(Supplied material):
★ ★ ★ ★ ★ ★ ★

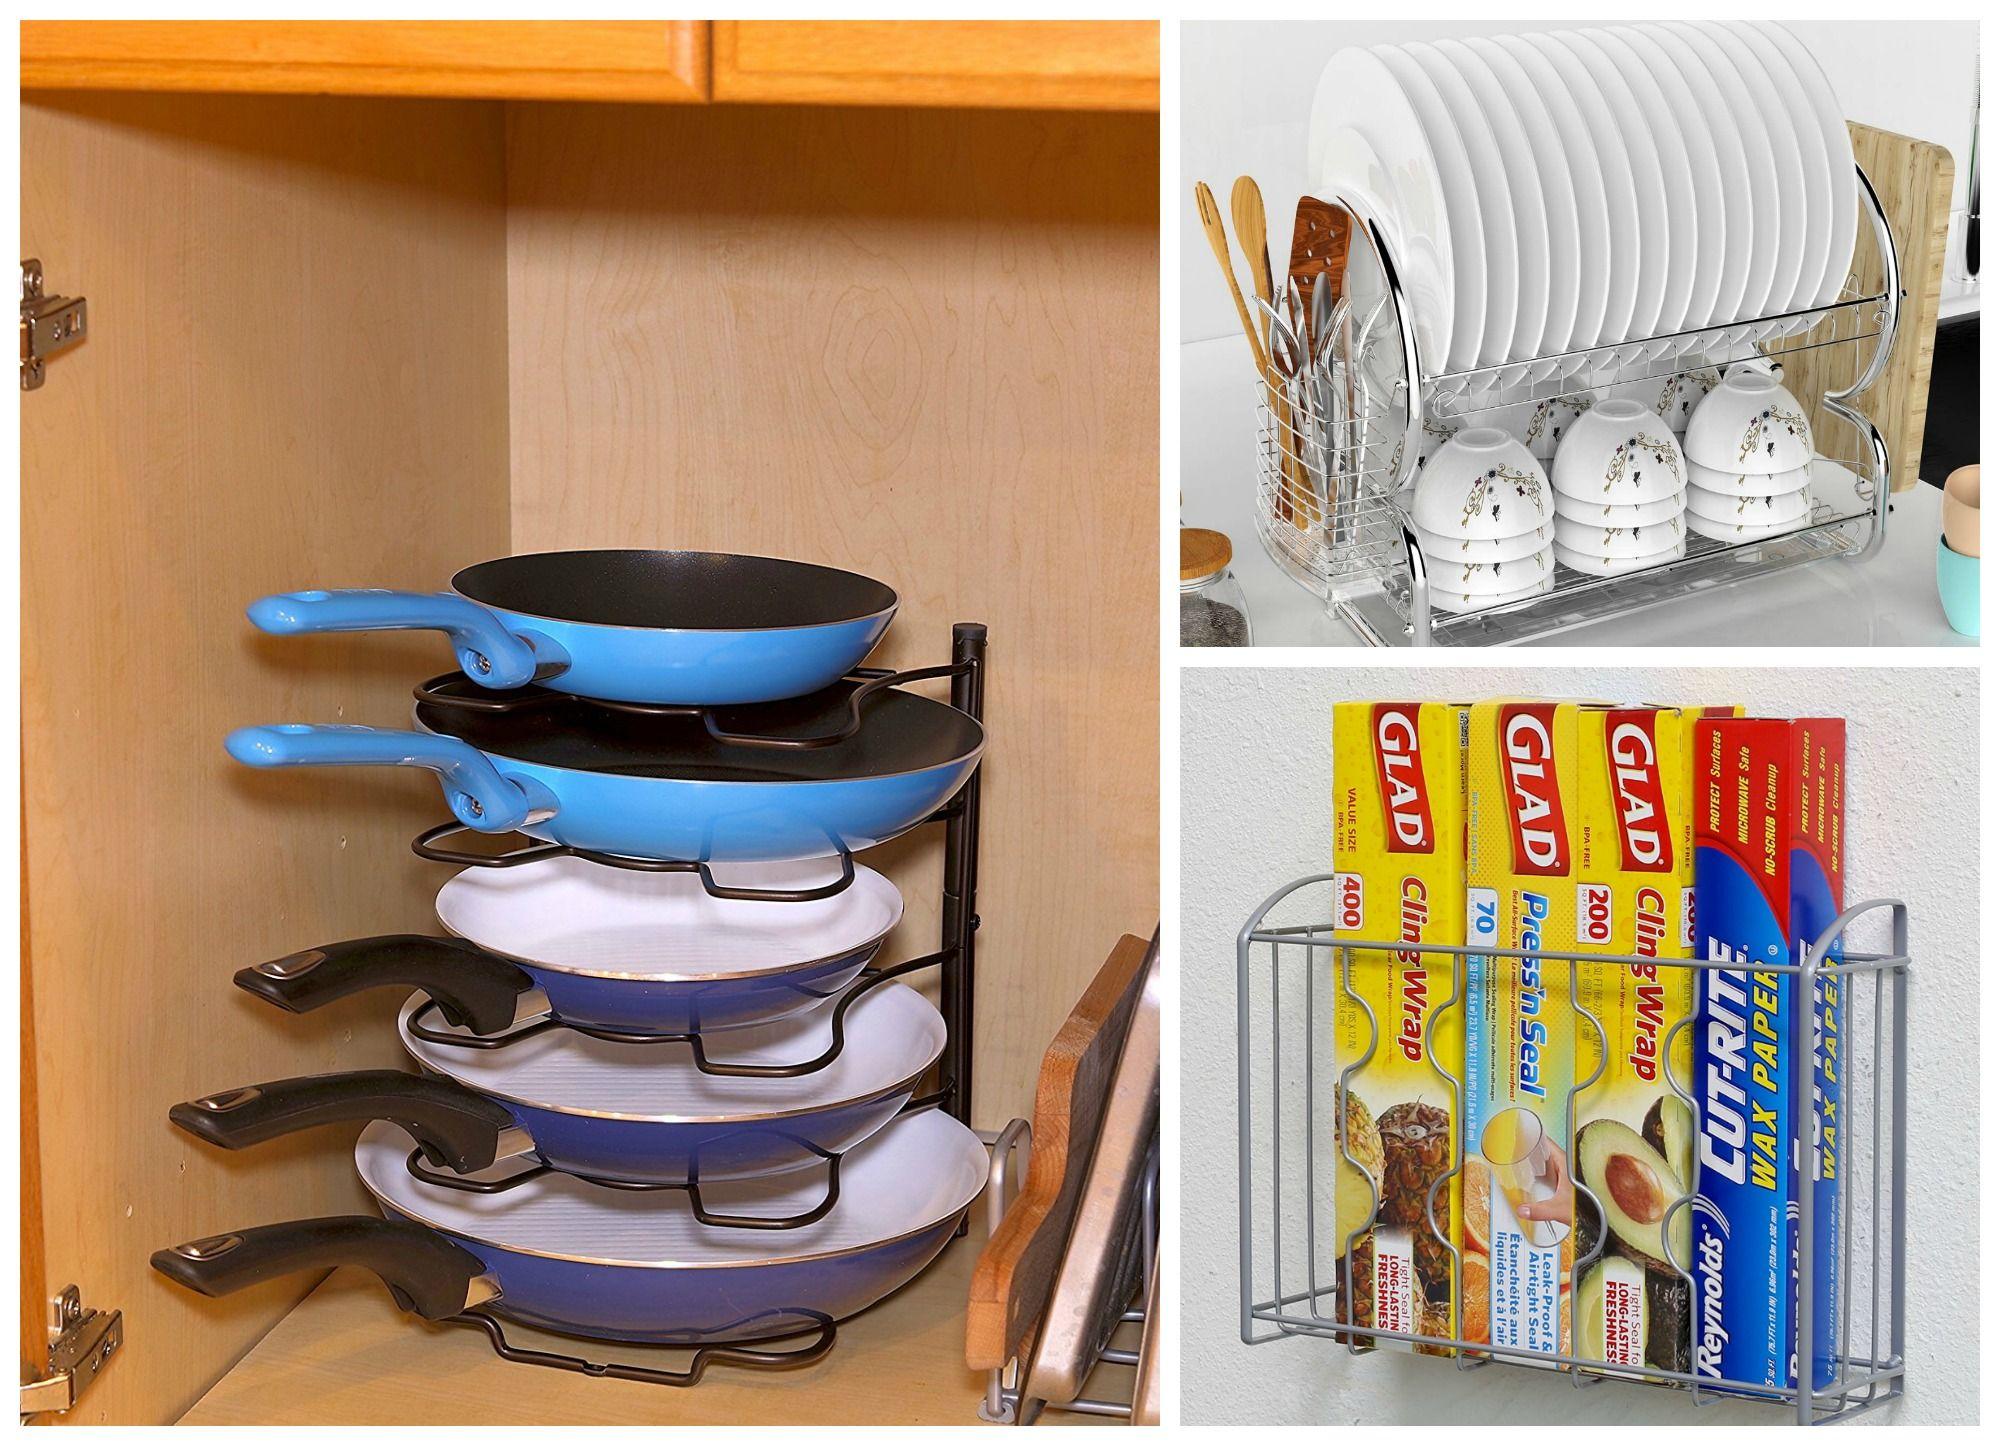 Amazon Kitchen Cabinets In 2020 Kitchen Cabinets Beautiful Kitchen Cabinets Cheap Kitchen Cabinets
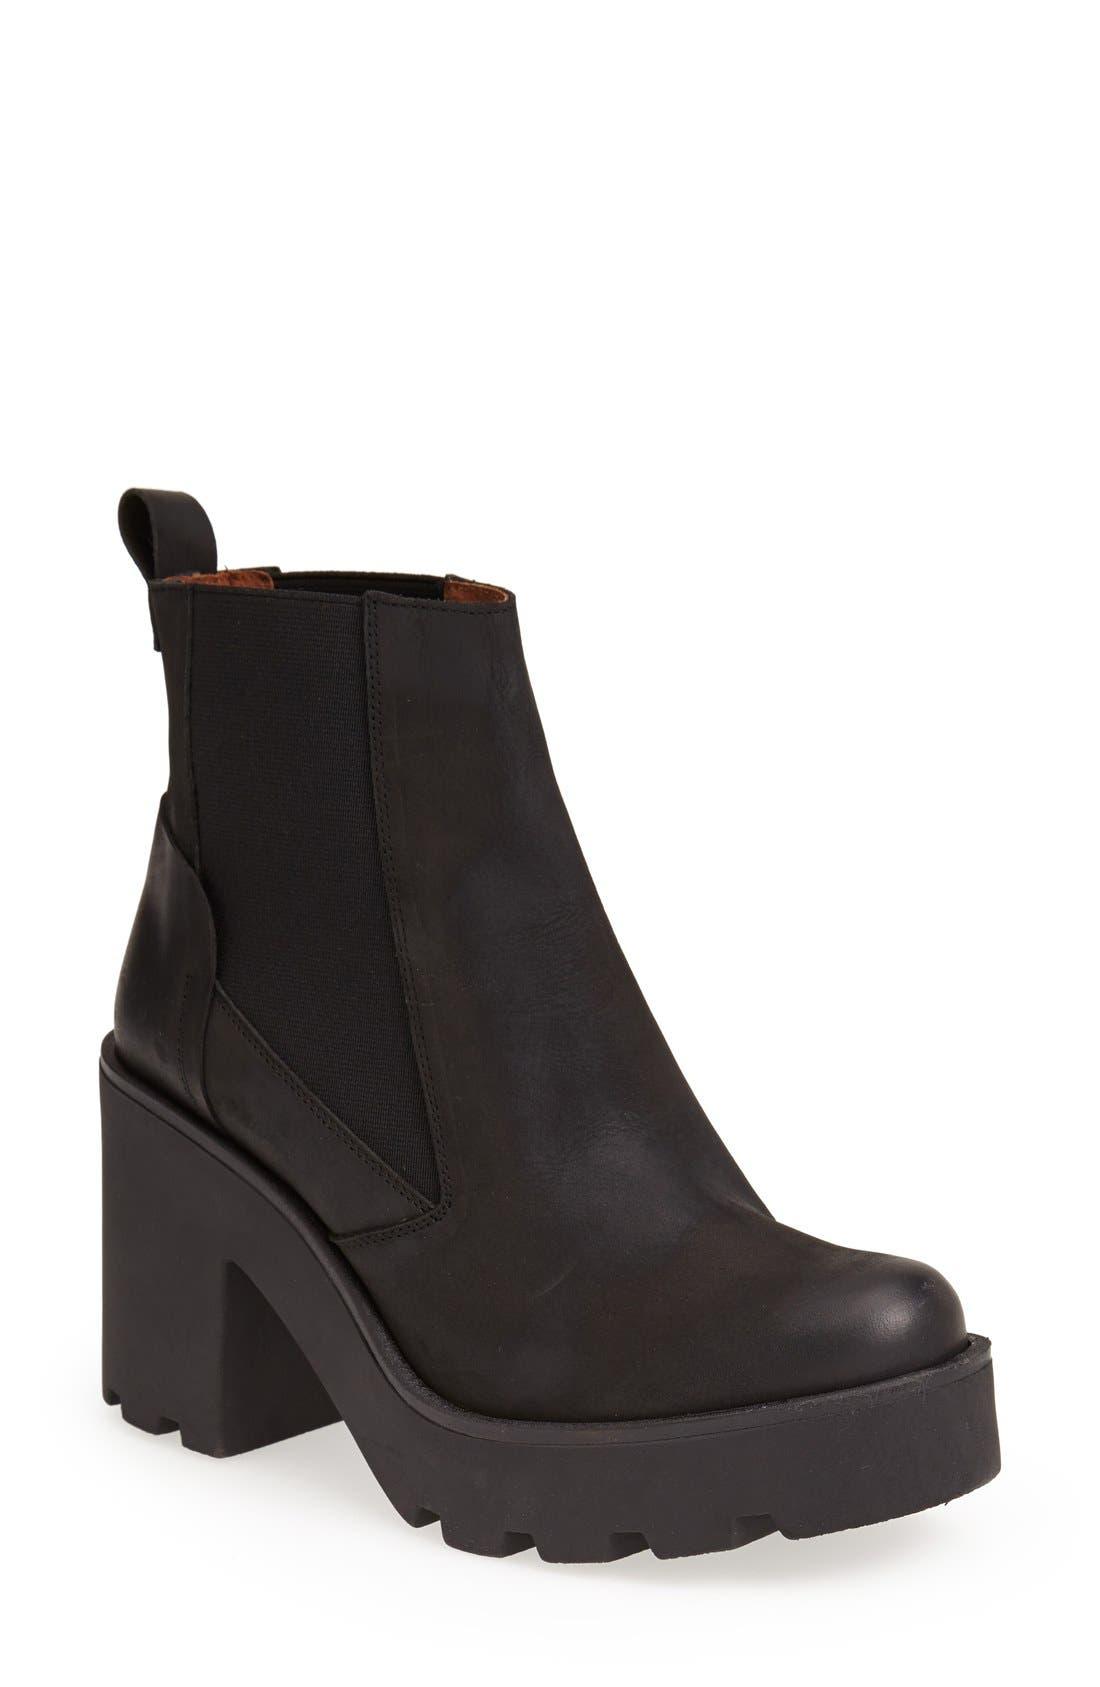 Main Image - SIXTYSEVEN 'Allie' Slip-On Boot (Women)
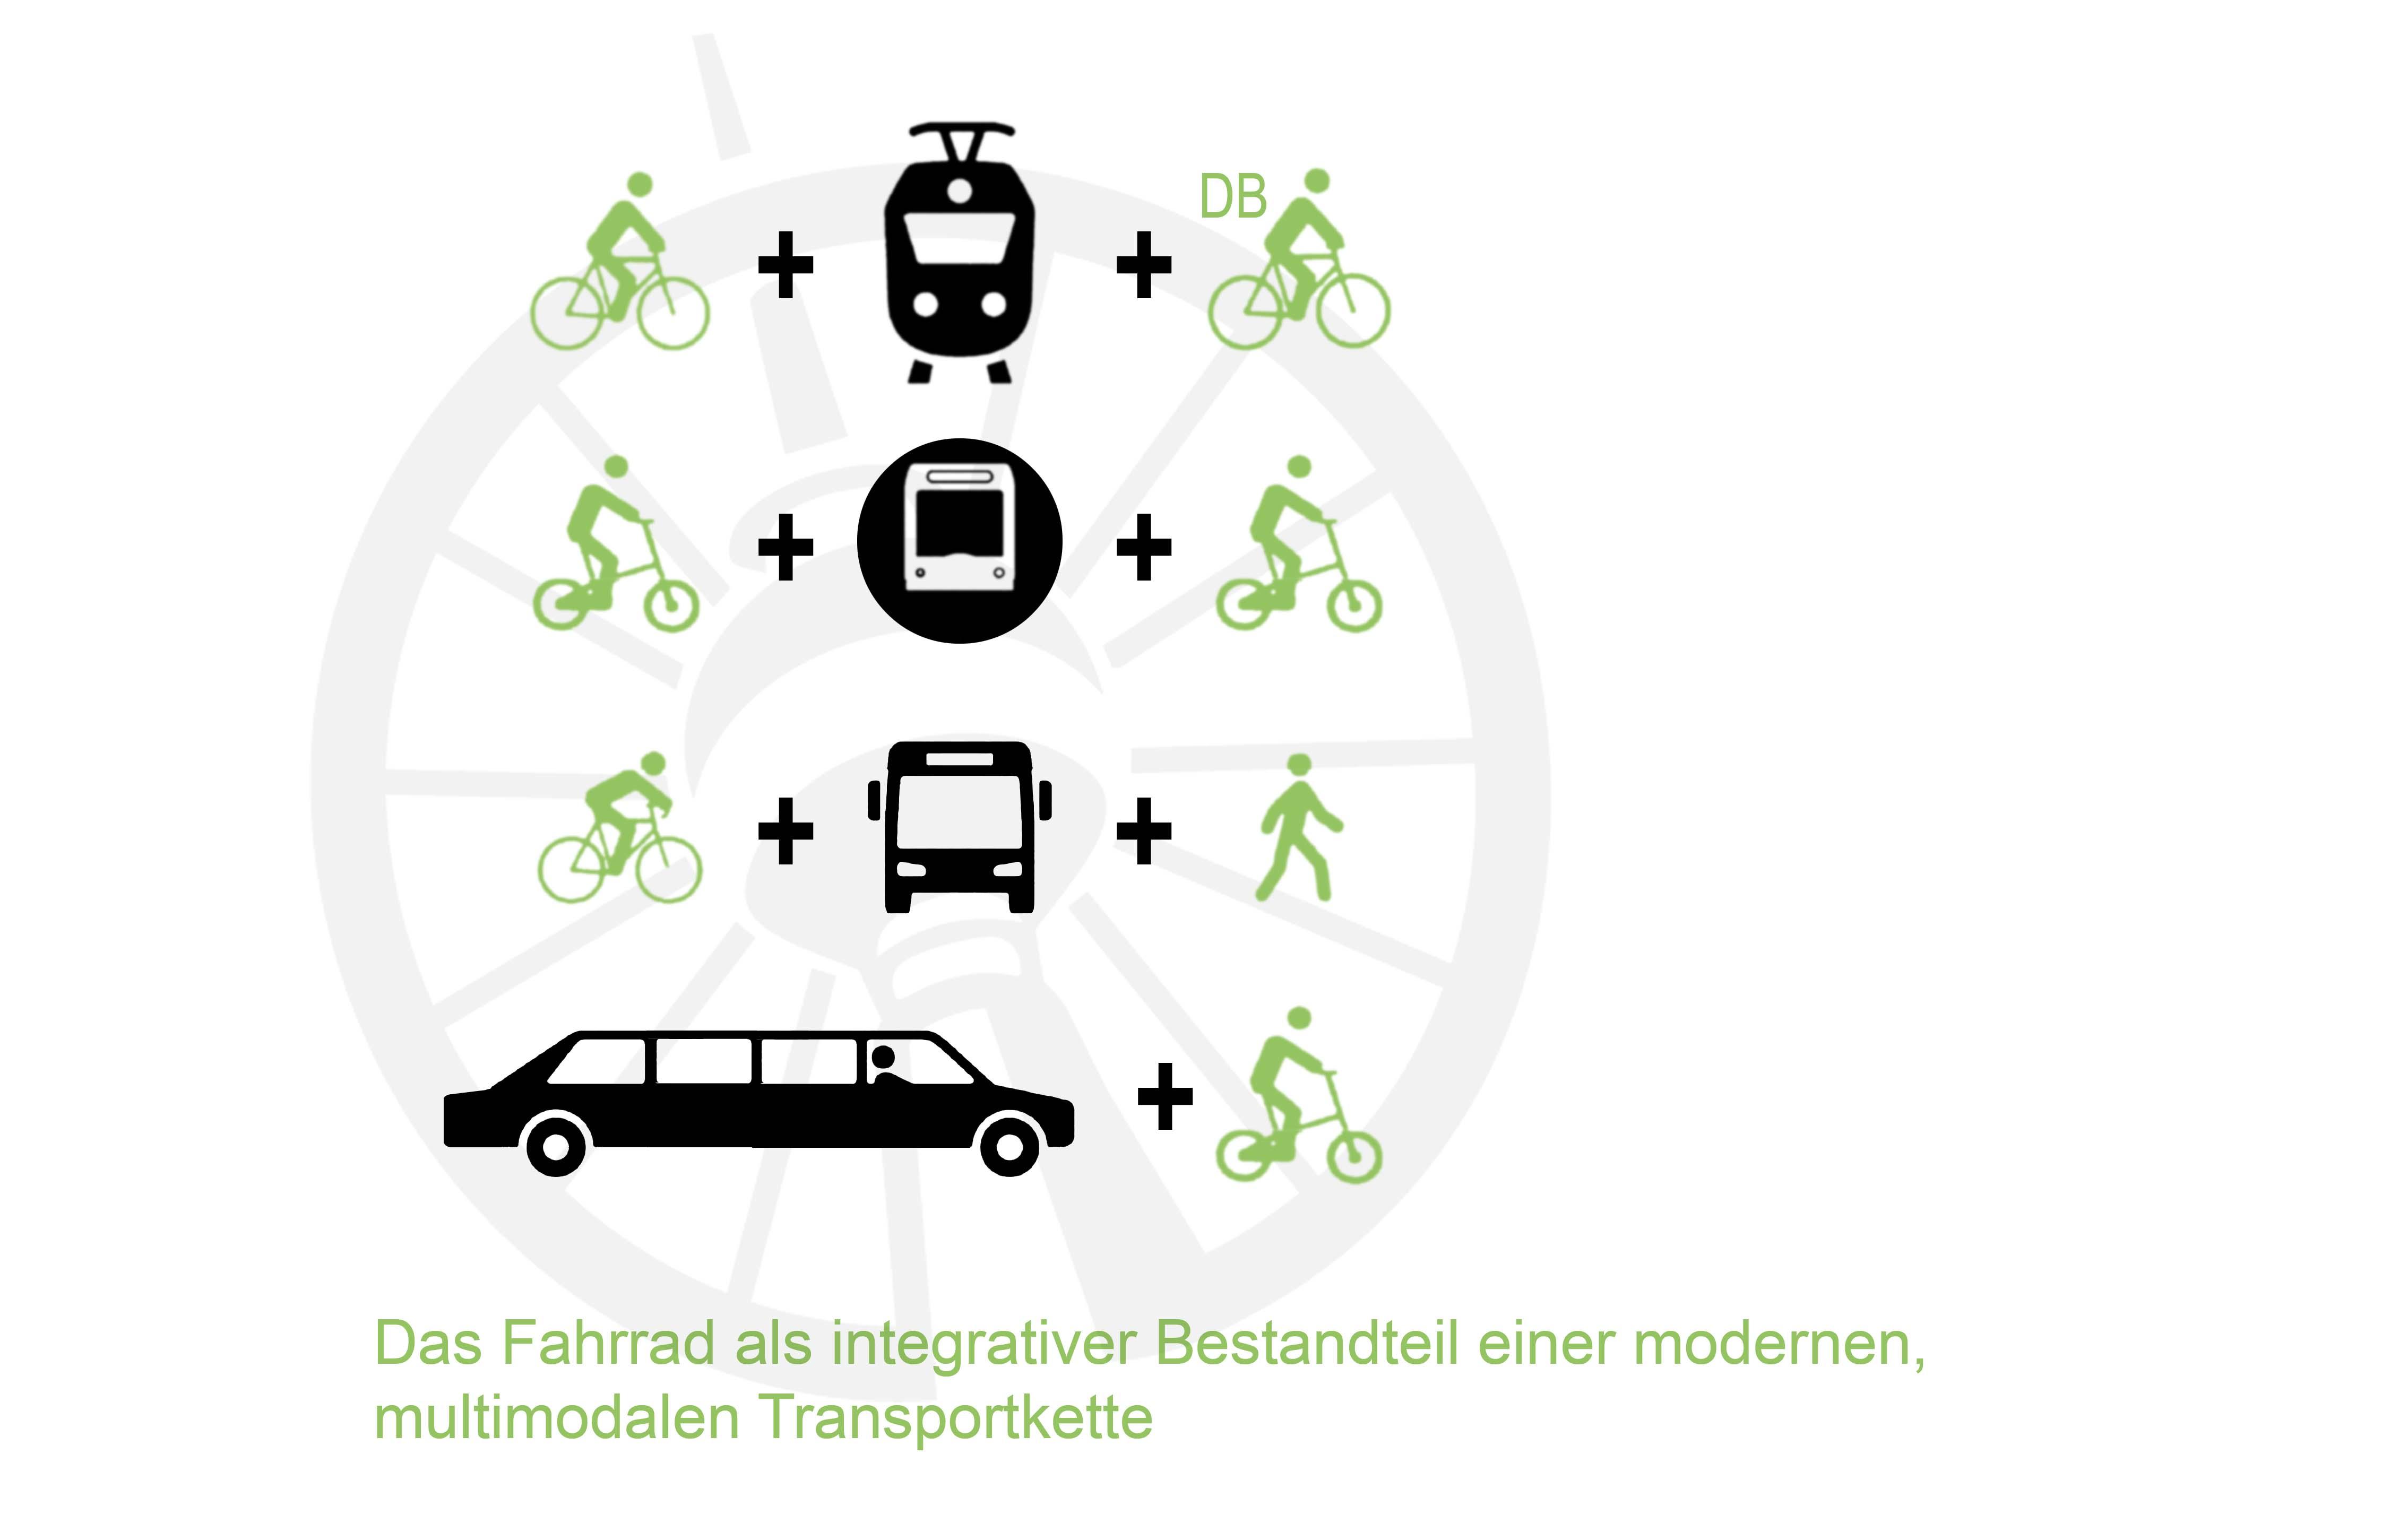 Das Fahrrad als Teil multimodaler Mobilität

★ ★ ★ ★ ★ ★ ★

(Exercise aim): Exactly reproduce the lines beginning at the one that contains "Main Image - SIXTYSEVEN" and ending at the final line of the material, with the pictures left out.

(Output of the task):
 Main Image - SIXTYSEVEN 'Allie' Slip-On Boot (Women)
 Das Fahrrad als Teil multimodaler Mobilität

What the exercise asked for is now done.